Naked Ambition
She deserves to be as big as Florence + the Machine. So why is big-eyed pop goth Natasha Khan – aka Bat for Lashes – still a cult singer? With her most anticipated album yet on the way, she talks about her rivalry with Welch, her bouts of self-doubt and her decision to pose (almost) nude on the cover of the new record.
Ed Power, 17 Oct 2012

There’s no polite way of asking a critically lauded pop star why she decided to get her lady-bits out for public delectation. Though, to be accurate, you can’t actually see any of Natasha Khan’s wobblier parts on the cover of her new album – everything’s terribly tasteful and moody and arty, as she tells you at length when really all you’re after is the answer to a simple query. “What were you thinking, Natasha?” The image in question is classy naked, for sure. But proper, NSFW naked all the same.
How did you respond to it?” says the Bat For Lashes singer, as if discussing a pretentious movie we’ve both just sat through rather than the sleeve shot accompanying The Haunted Man for which – have we mentioned this already? – she stands before the world sad eyed and disrobed, a pasty-arsed randomer slung, game-hunter-style, over her shoulder. Er… says Hot Press, blushing like a schoolboy. We thought you looked very... nude...
“Well, it’s obviously an extremely vulnerable picture,” she says, her voice the quavering coo of someone not 100% sure of themselves. “I’m proud of the power in that.
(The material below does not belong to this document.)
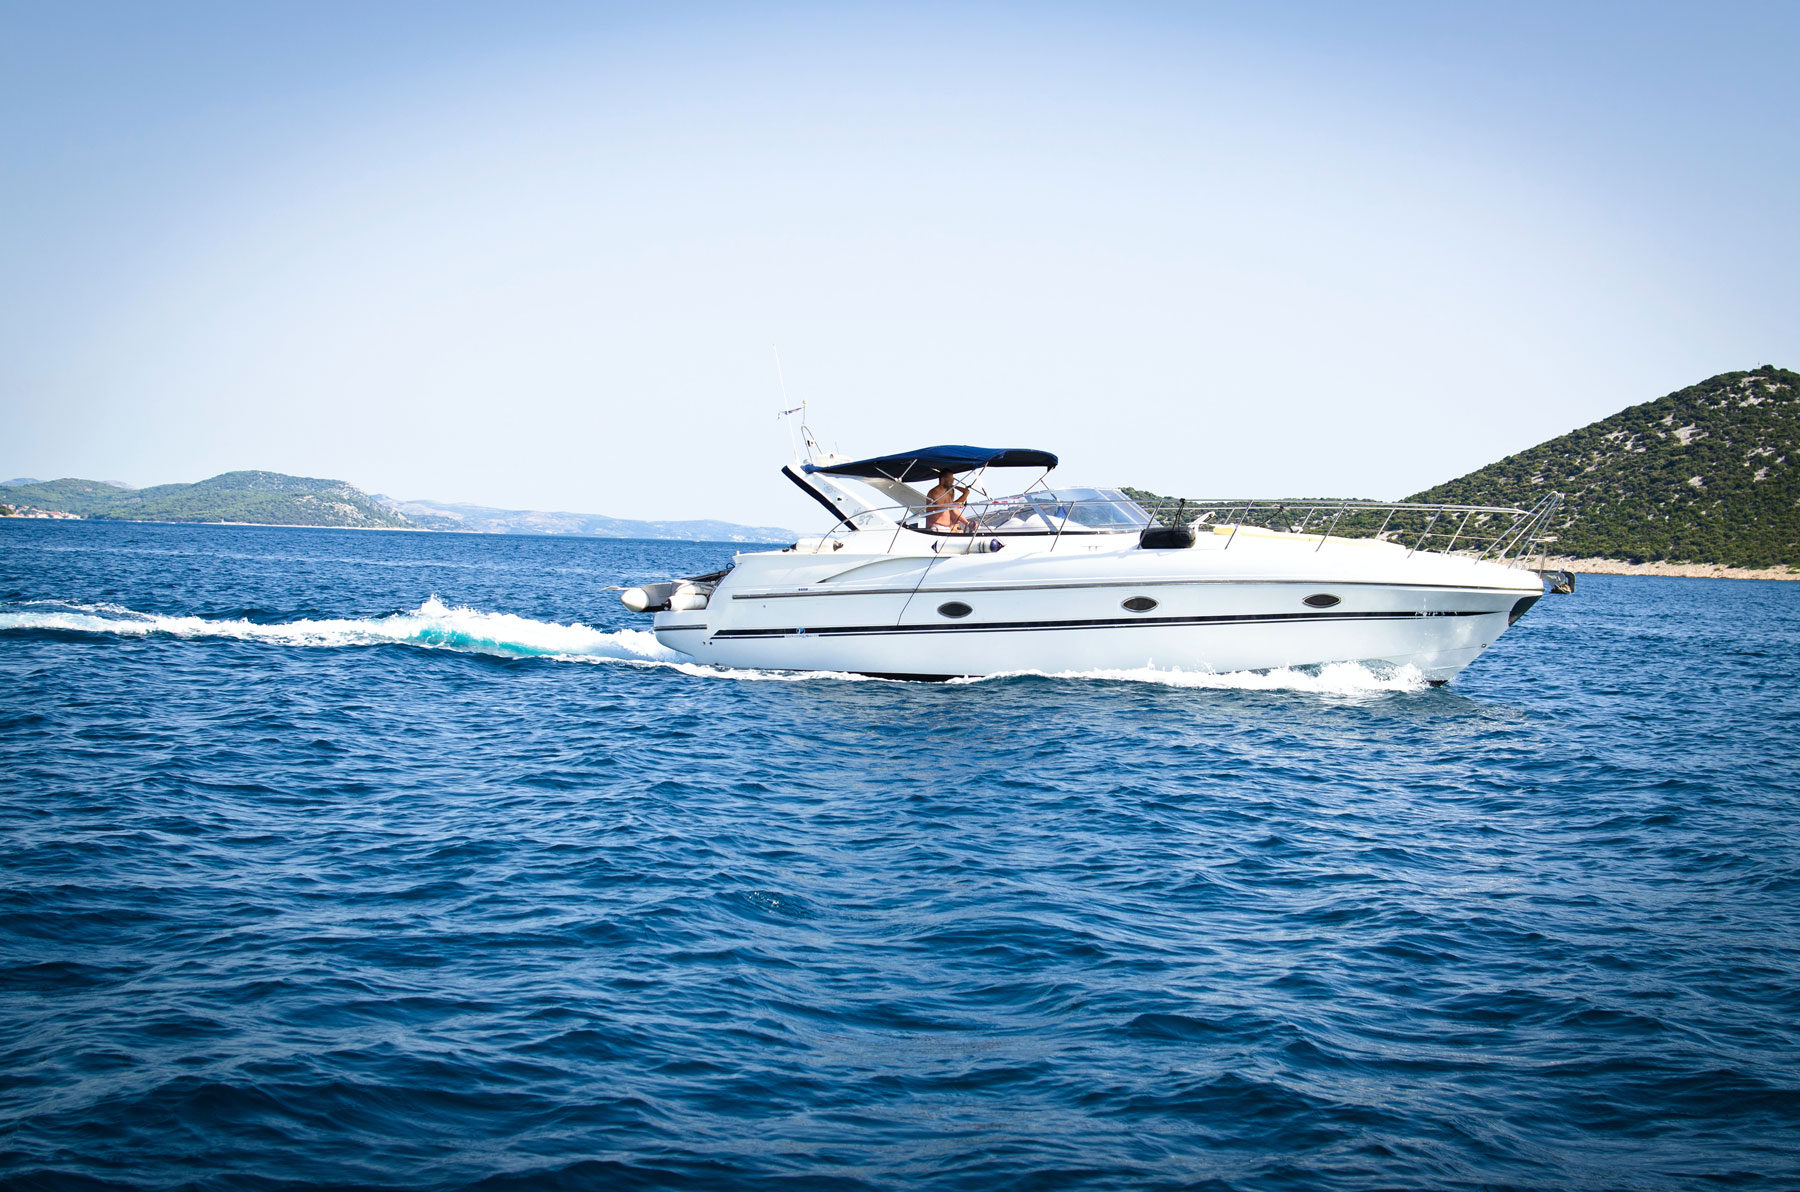 yacht boat sailing on lake

It looks very different from the way women are presented in the media. Women are portrayed in a sexual, glossy and provocative way. I wanted to represents aspects of female nudity different from what you’d see in Nuts.”
The provocative snap was taken by art-house photographer Ryan McGinley. The shoot lasted five hours and mostly involved Khan in her birthday suit hefting an underfed chap chosen for his lightness of limb.
“Initially I felt shy,” she admits. “I wasn’t performing. I was part in a piece of art. I think the results are honest. I’m not assuming any airs or graces or anything like that.”
The Haunted Man is a big moment for Khan. Over the past few years she has built a respectable cult following (Thom Yorke and Scott Walker are fans) without ever quite breaking through, Florence and the Machine-style. Her songs – the poppier ones anyway – are catchy and fascinating, an intriguing mix of Kate Bush, Siouxsie & The Banshees and, on her 2009 sort-of-hit ‘Daniel’ especially, Fleetwood Mac. But she can’t bring herself to play the game, to submit to the compromises of a pop career. She’s too bruised and coy to fit comfortably in the mould of conventional star.